Beijing opened five new subway lines Thursday, an urban planning show of force highlighting the investment the city has thrown behind public transport to curb its notorious air pollution and traffic congestion.
Costing nearly 61 billion yuan ($9.2 billion), the newly constructed lines — most connecting the distant and dusty suburbs to the city center — bring Beijing’s subway network to 336 km (209 miles).
That distance is just a fraction of what the city government has planned, the Beijing Municipal Commission of Transport told reporters at the unveiling of the city’s No. 15 line.
Beijing aims to have a 561-km-long subway network by 2015, and is planning for between 700 and 1,000 km by 2020, Li Xiaosong, the deputy director of the commission told Reuters.

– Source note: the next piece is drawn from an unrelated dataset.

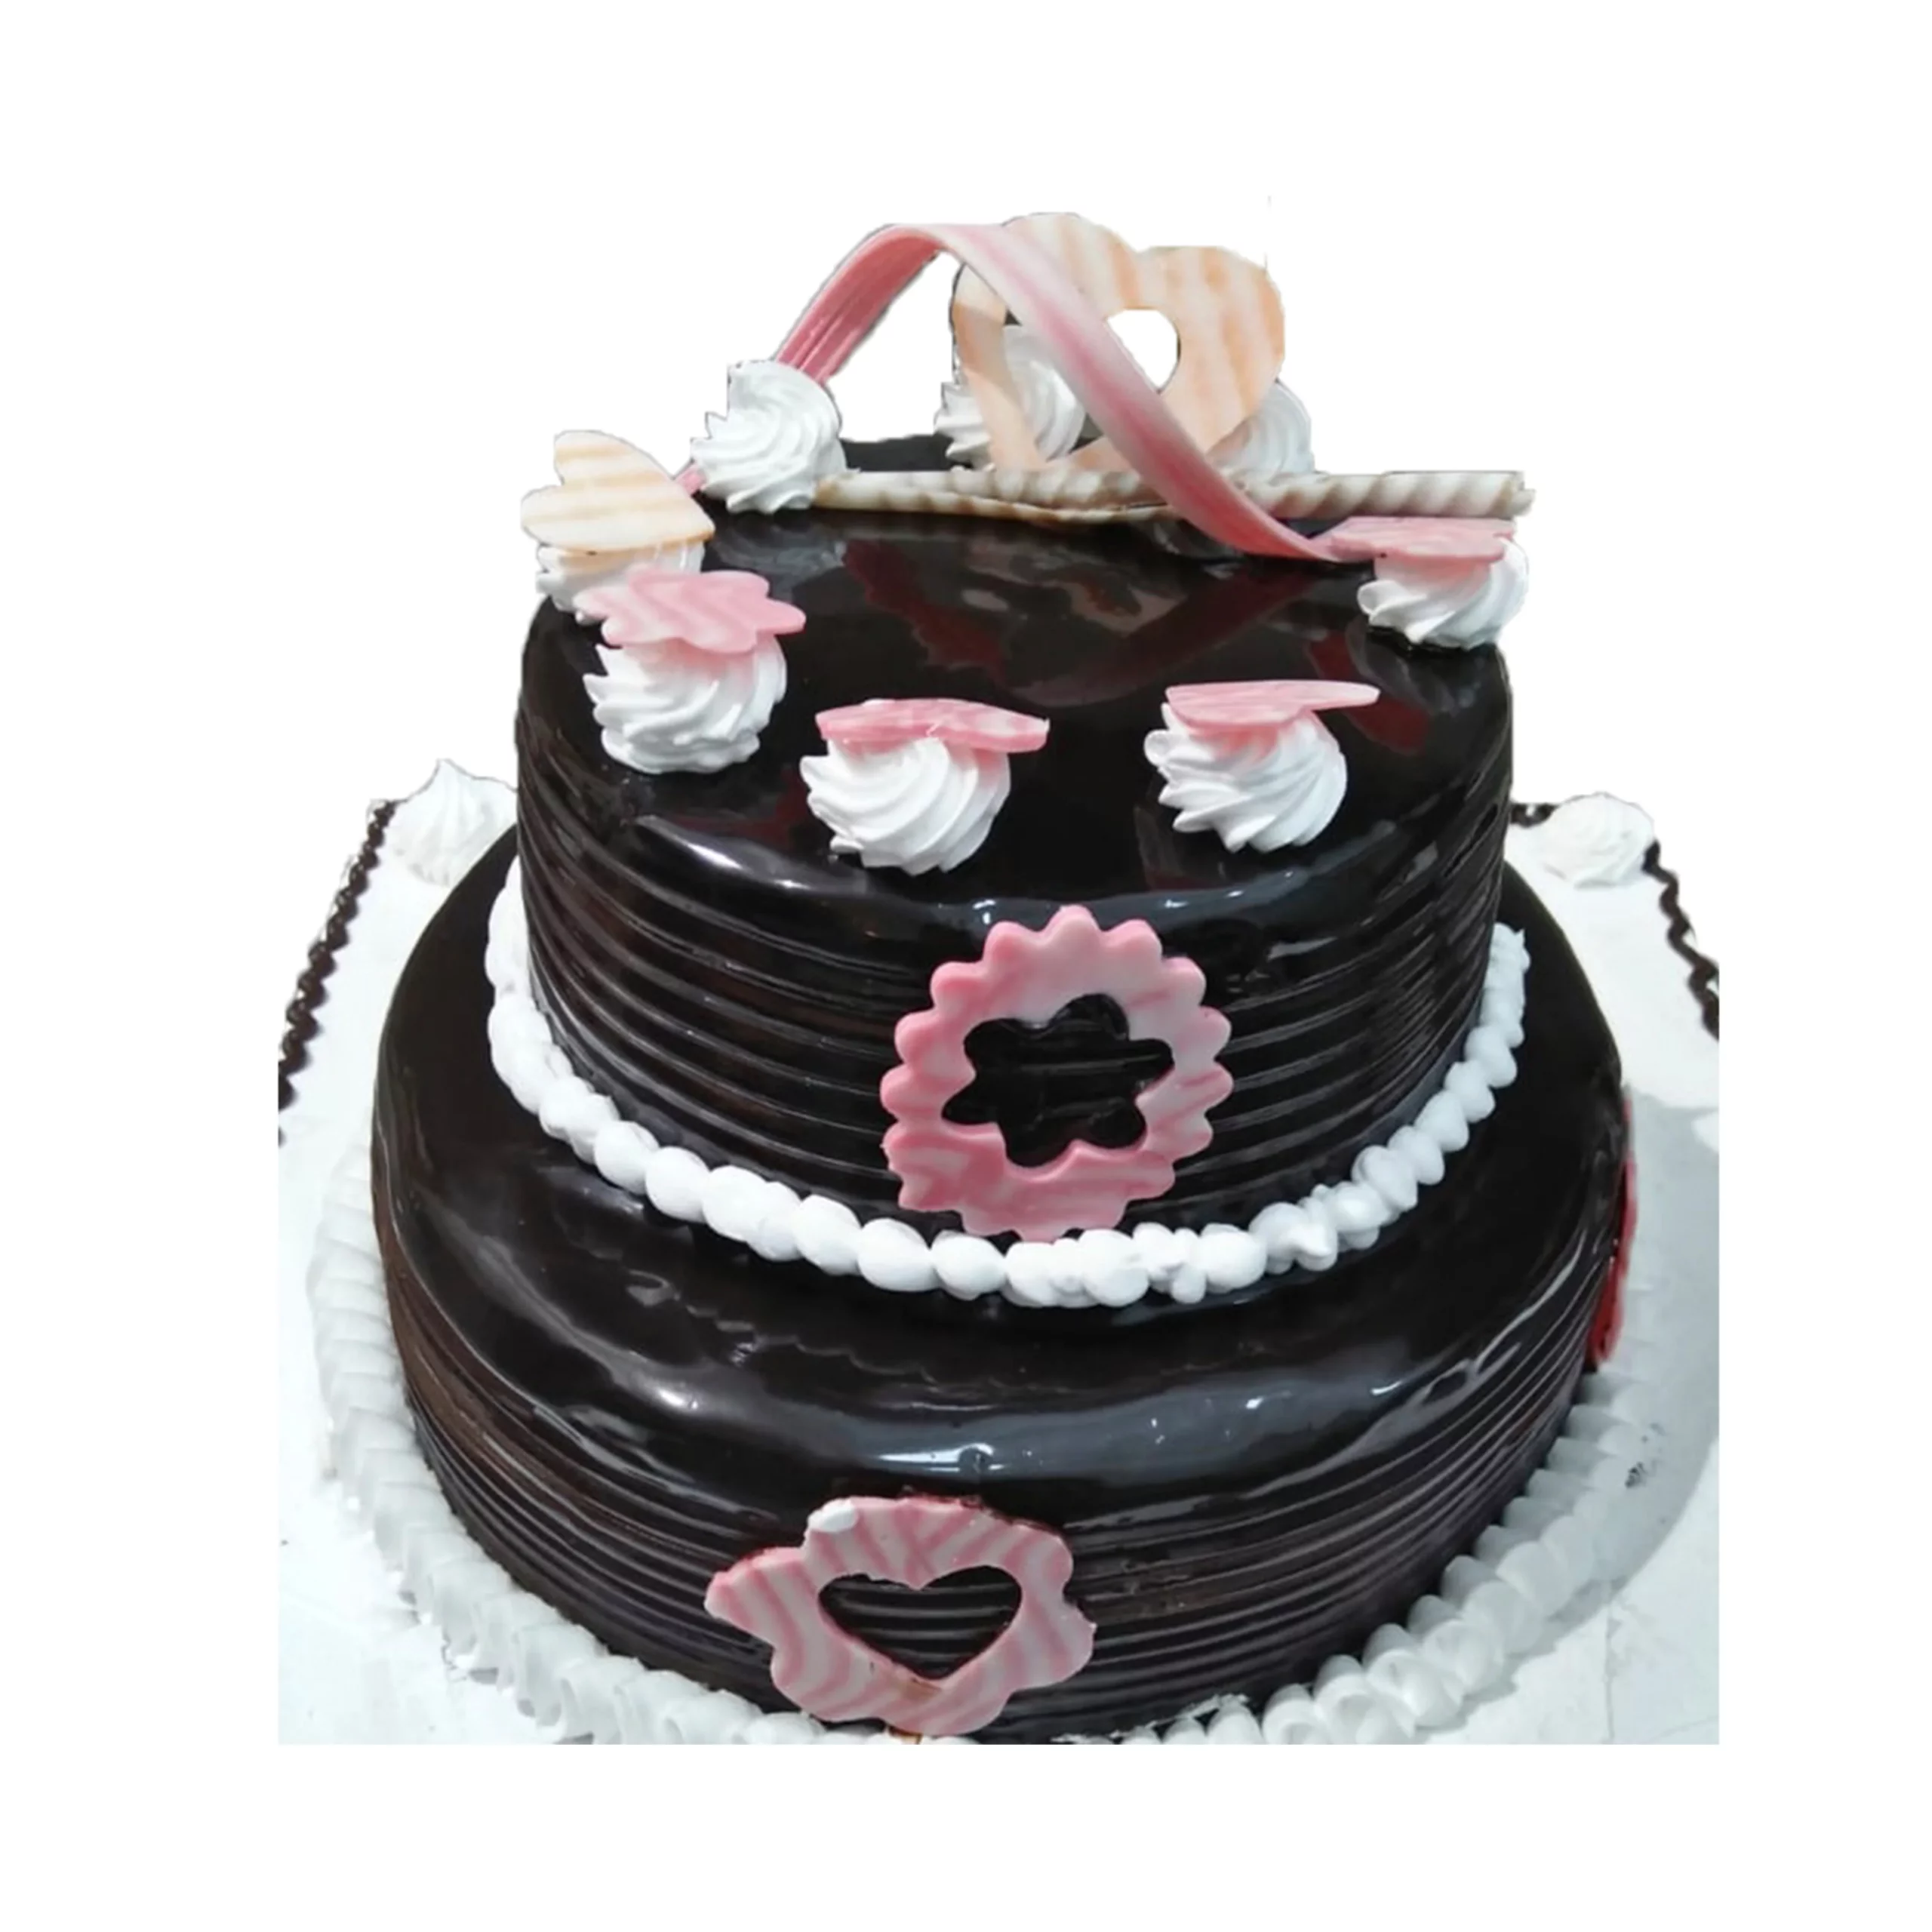 Birthday special pink butterfly cake 3 kg vanilla

“If we are comparing ourselves to London, New York or Tokyo, we are still in the early stages of development, but this shows the Beijing government’s strategic investment priority in public transport,” Li said.

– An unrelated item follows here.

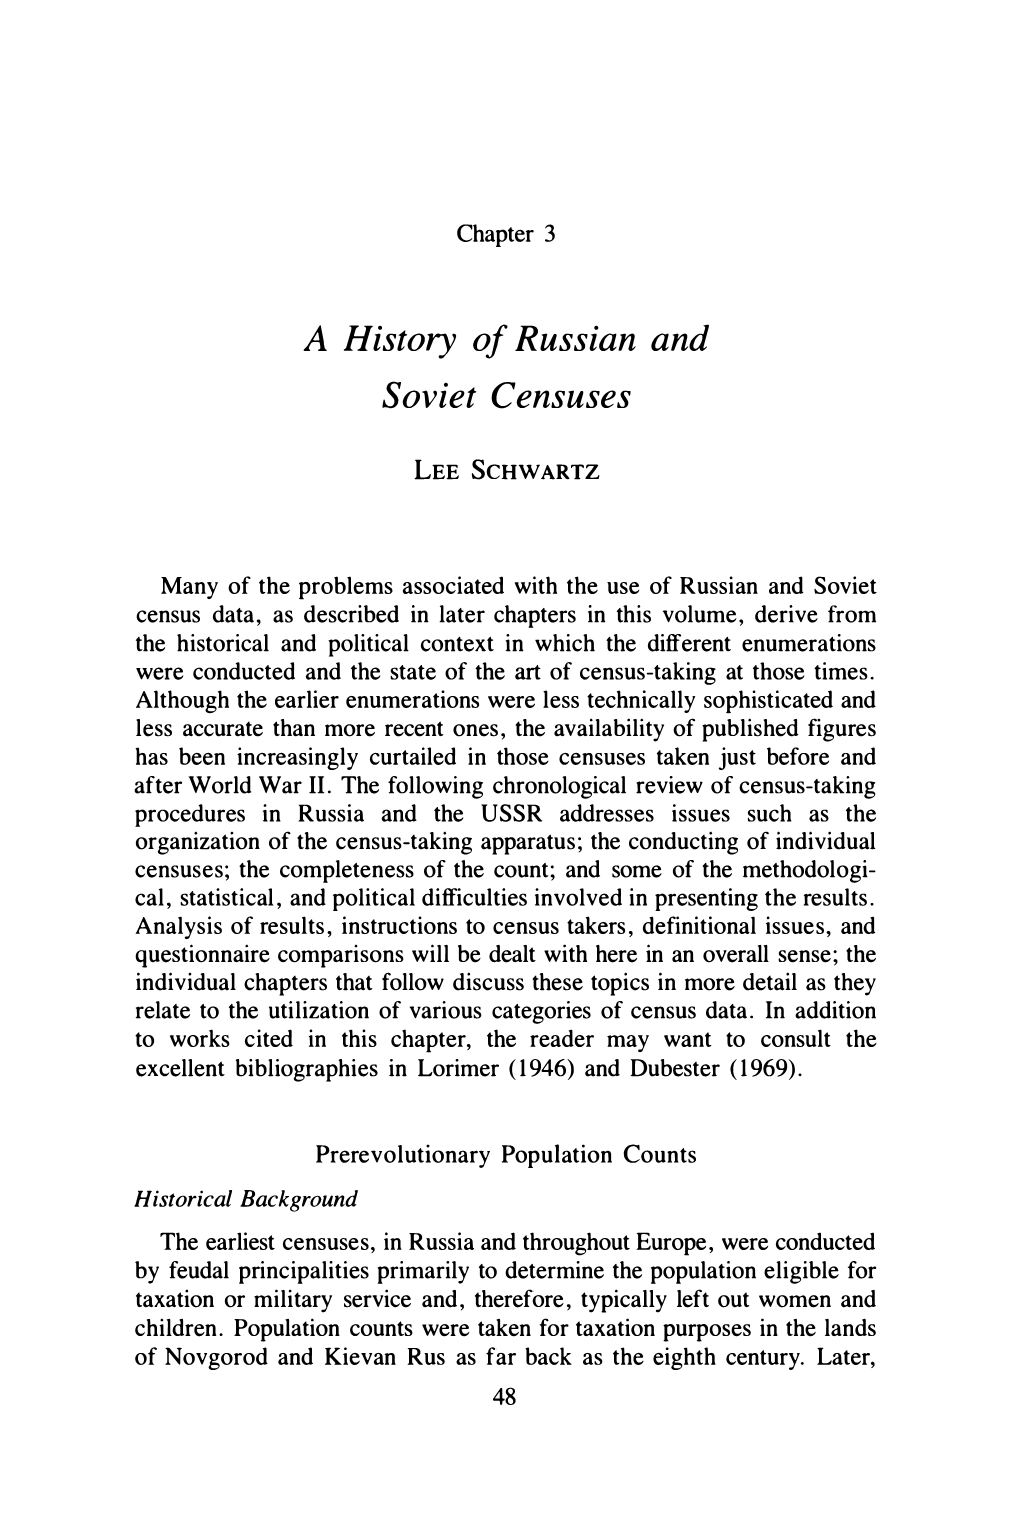 A History of Russian and Soviet Censuses

At rush hour on some of Beijing’s central subway lines, queues with Beijing’s 5.3 million daily riders can be three and four trains deep, with platform attendants pressing arms and legs in behind closing train doors.
The city has invested more than 250 billion yuan in rail and road links over the past five years, 51 percent of which went to public transport, Li said.

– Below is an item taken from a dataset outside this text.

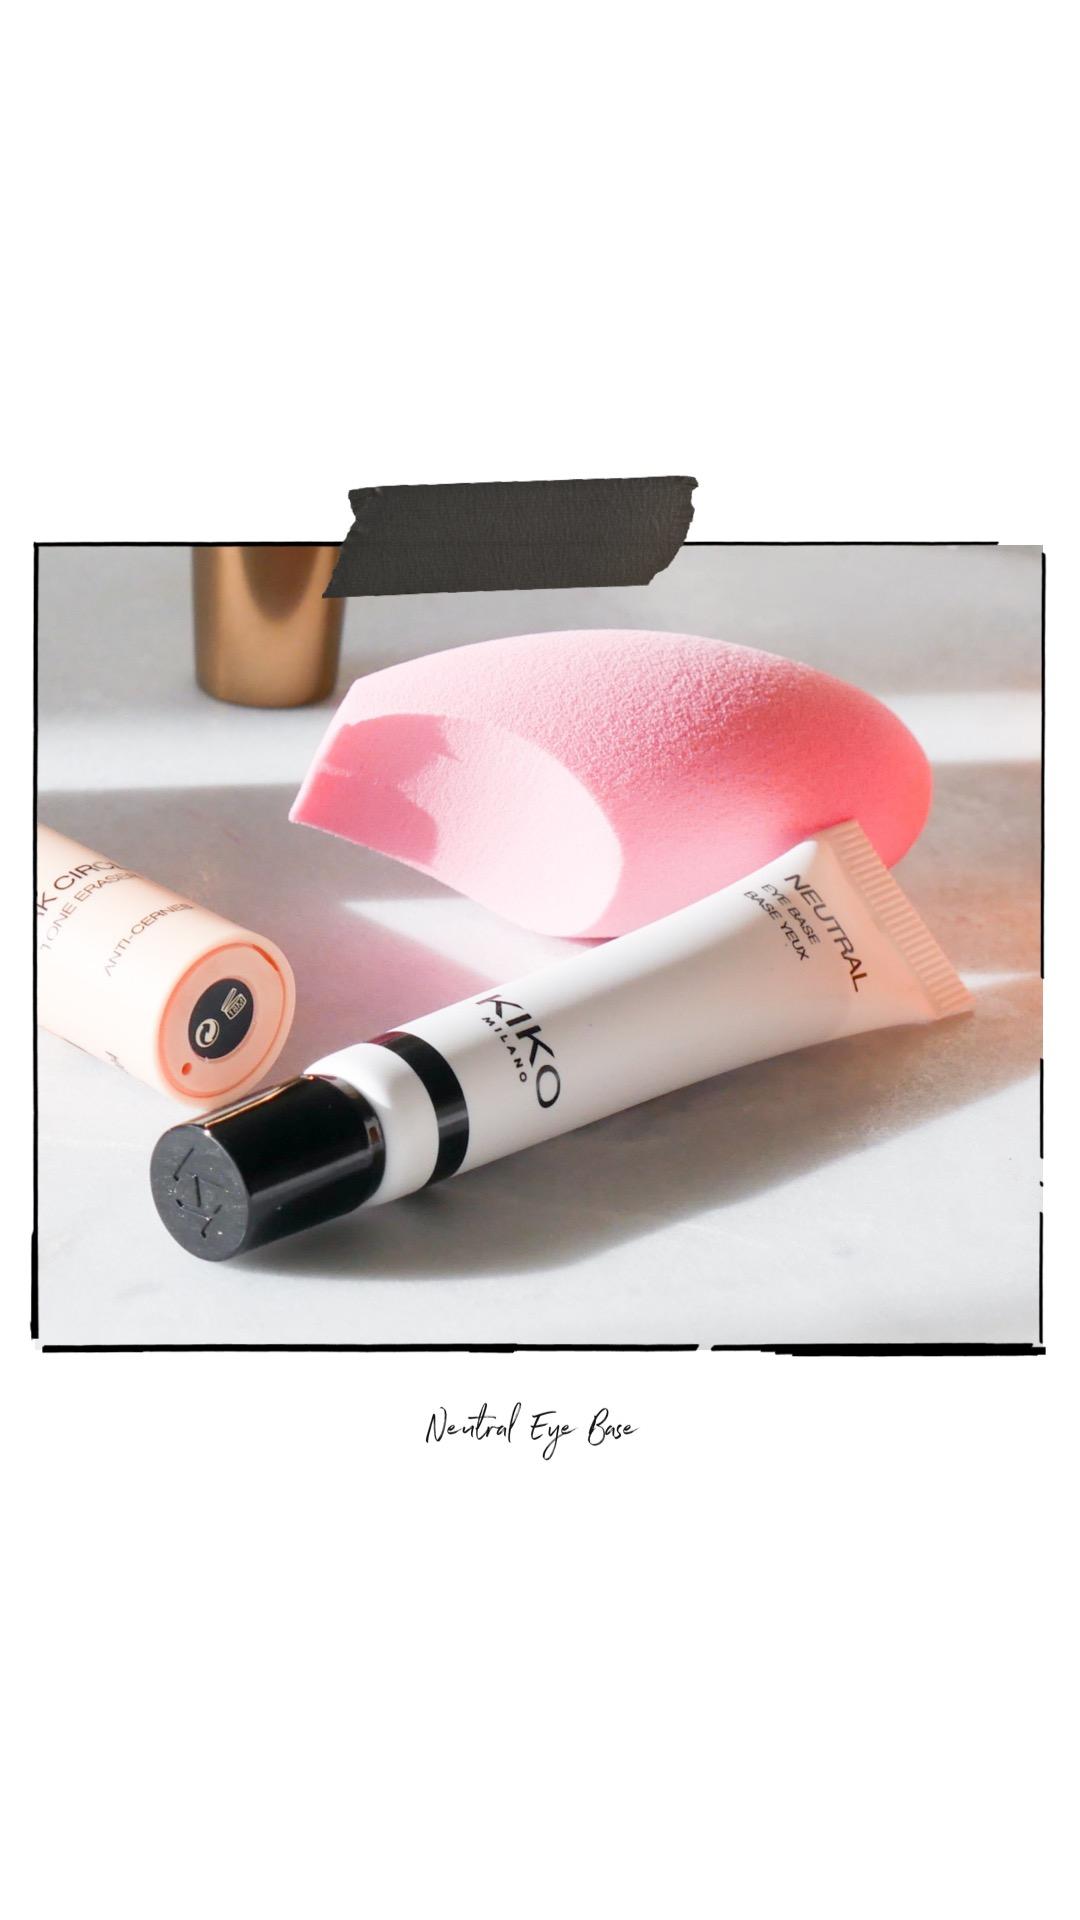 What I bought from KIKO Milano Online| My thoughts on everything I bought - all under £10, including this makeup sponge that I'm obsessed with! |If you're looking for cruelty free, affordable makeup and beauty, then you'll definitely be interested| www.kittyandb.com #KIKOTrendsetters #makeupsponge #beautyreviews #crueltyfreebeauty #beautyblog

With the flurry of subway construction, city leaders are attempting to make good on promises to clean up Beijing’s skies and clear traffic gridlock.
In January, Beijing Mayor Guo Jinlong promised to give greater priority to public transport by building bus lanes and new subway lines and removing high-emission vehicles from the road.
Beijing’s plans to boost public transport are all the more urgent with this month’s announcement of a controversial quota on new passenger vehicles in 2011, limiting new registrations to 20,000 a month.
The growth of the city’s subway network matches the rapid expansion of the city itself.
Large swathes of treeless land wait for the development that will likely sprout beside an elevated portion of the new No. 15 line, which arcs through the suburbs northeast of Beijing.
Less densely developed areas by the new lines have been paired with 21 park-and-ride lots.
But indicative of the woes of planning transportation in a city of 19 million, increased subway access for Beijing’s suburbanites may exacerbate the network’s overcapacity issues before it makes them better, the Beijing Municipal Commission of Transportation said.
Passengers transferring from new to central subway lines could raise the number of riders to 155 percent of capacity during peak hours on some lines, potentially forcing temporary station closures on overcrowding fears, the commission said.